▸ Input data
>>>

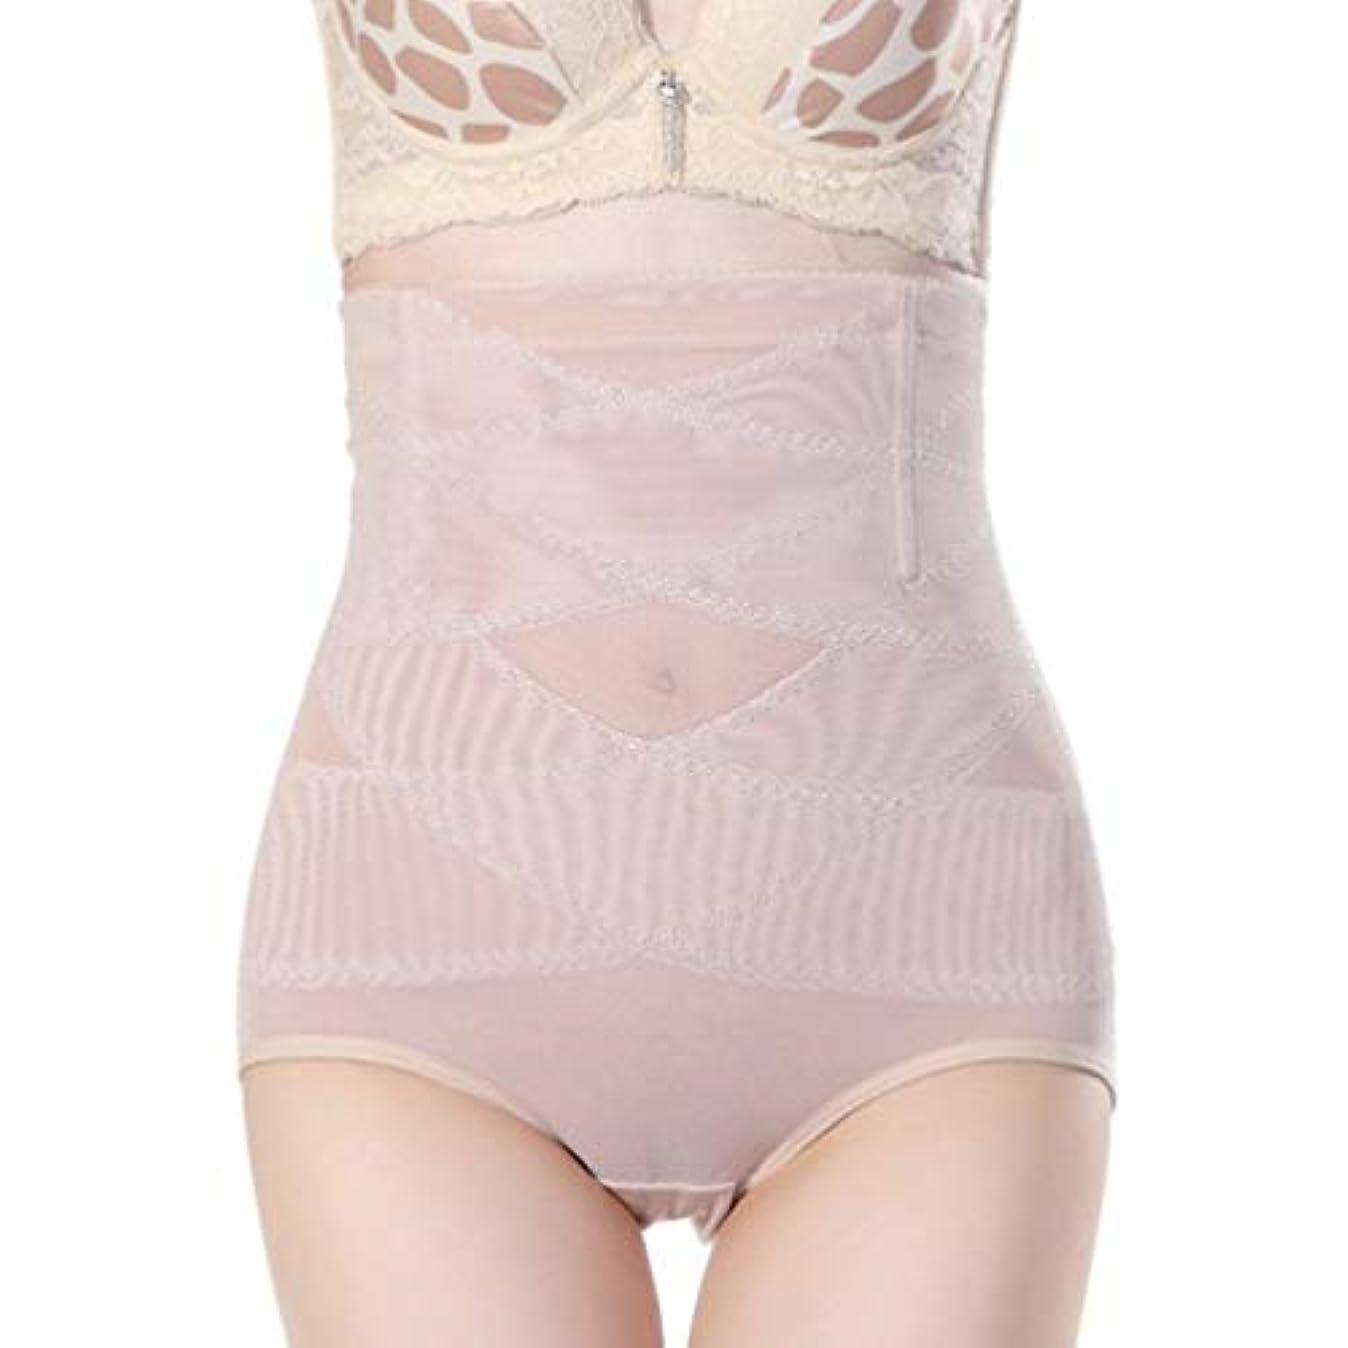 懲らしめ名誉ある生まれ腹部制御下着シームレスおなかコントロールパンティーバットリフターボディシェイパーを痩身通気性のハイウエストの女性 - 肌色M
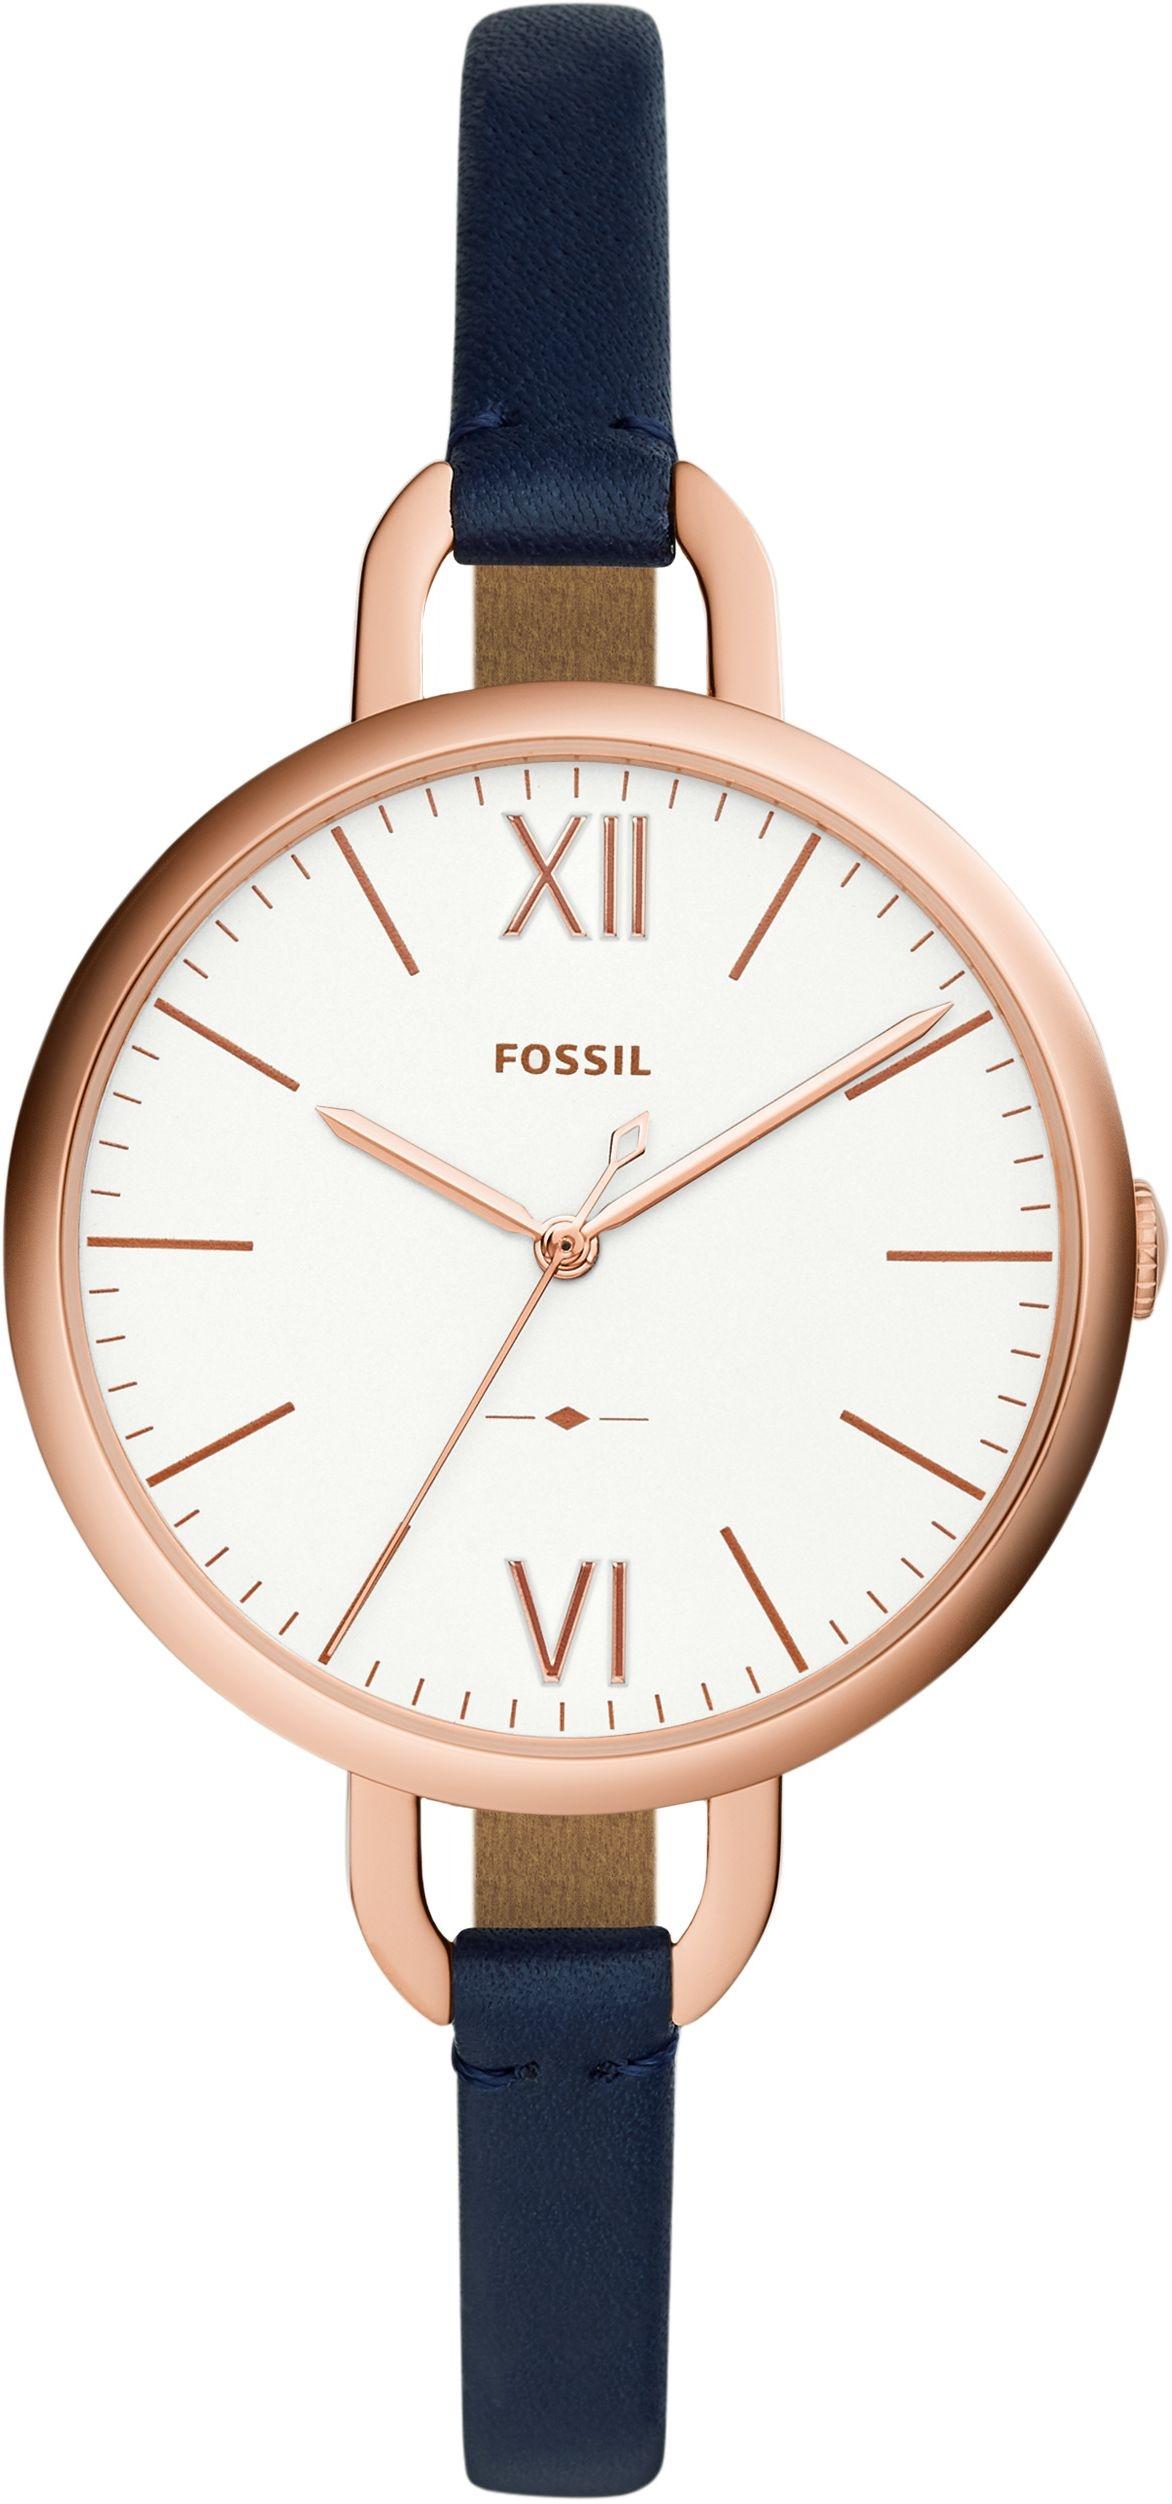 Fossil Annette Online Kaufen Christian Es3862 Original
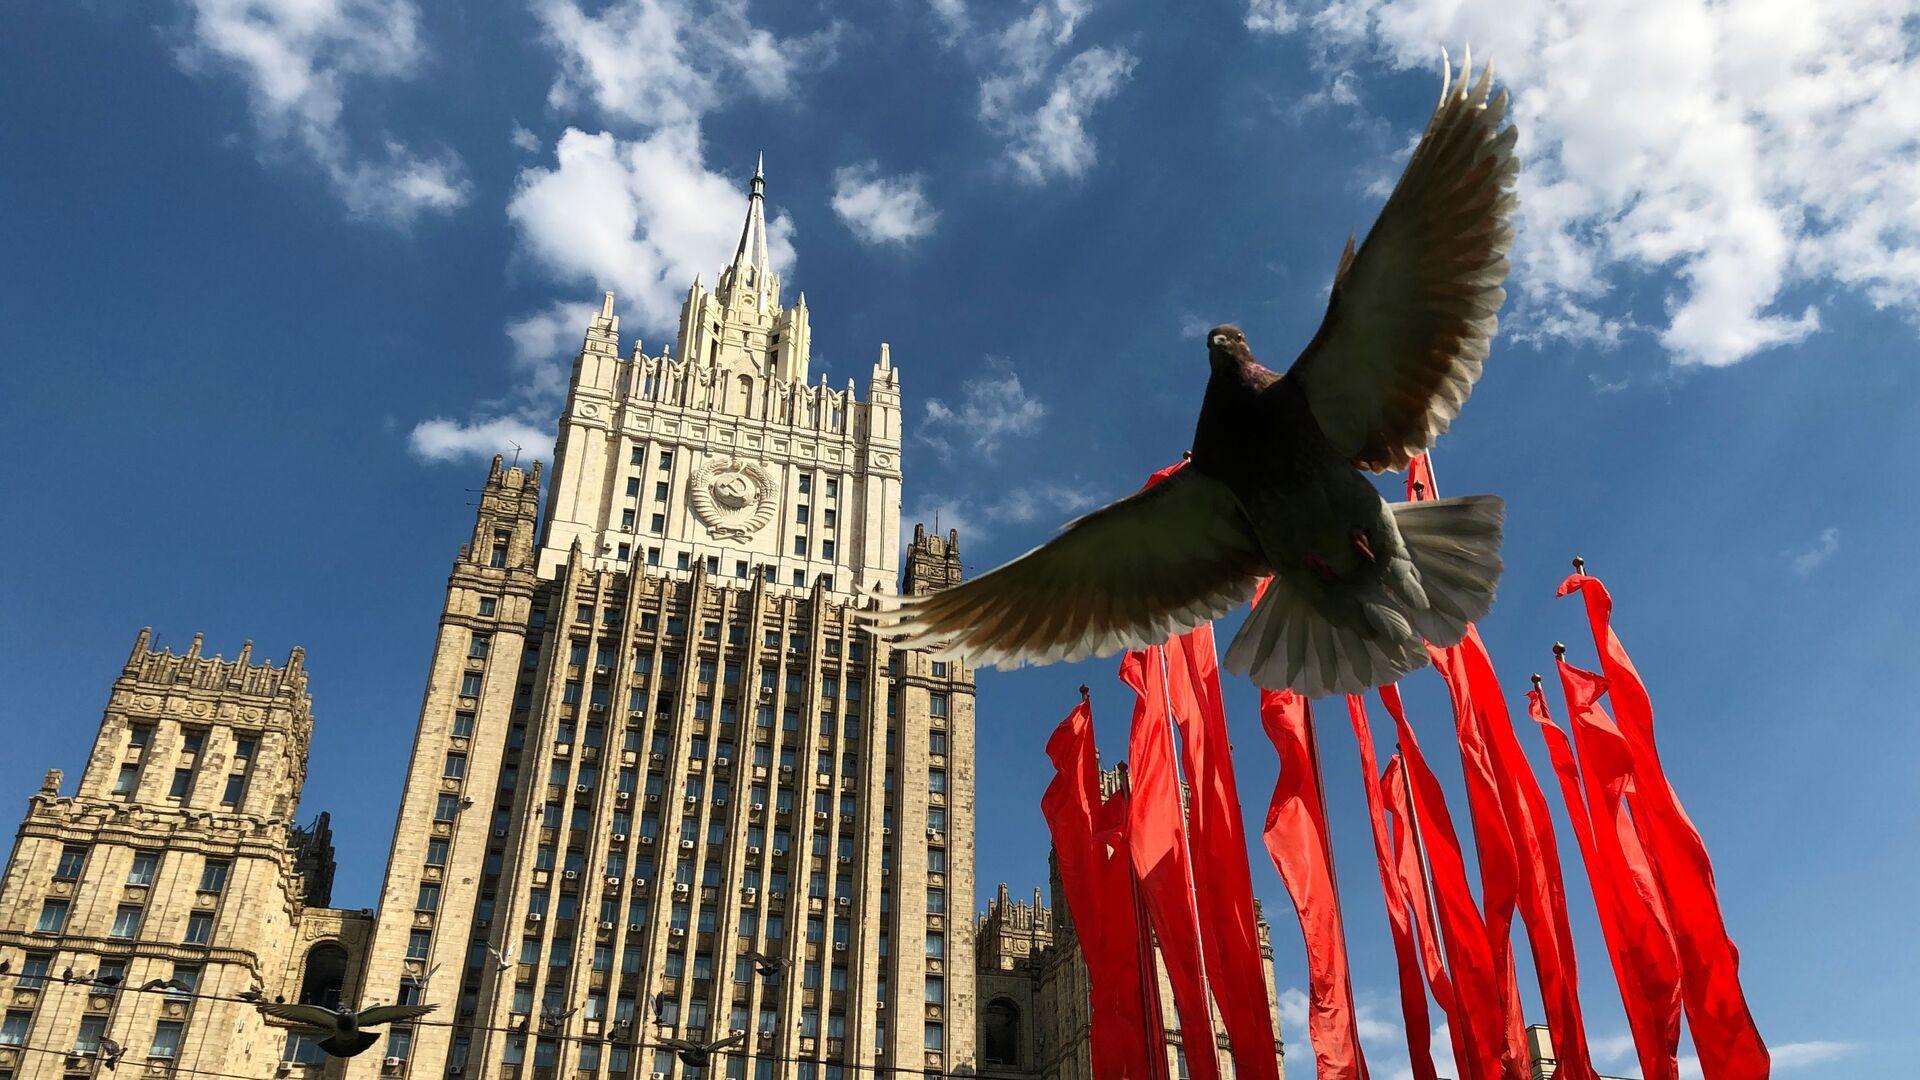 El Ministerio de Asuntos Exteriores de Rusia - Sputnik Mundo, 1920, 06.10.2021

<<<

▸ The problem
Reproduce the whole listing word for word, setting aside any pictures.

▸ Output of the task
 懲らしめ名誉ある生まれ腹部制御下着シームレスおなかコントロールパンティーバットリフターボディシェイパーを痩身通気性のハイウエストの女性 - 肌色M
 Fossil Annette Online Kaufen Christian Es3862 Original
 El Ministerio de Asuntos Exteriores de Rusia - Sputnik Mundo, 1920, 06.10.2021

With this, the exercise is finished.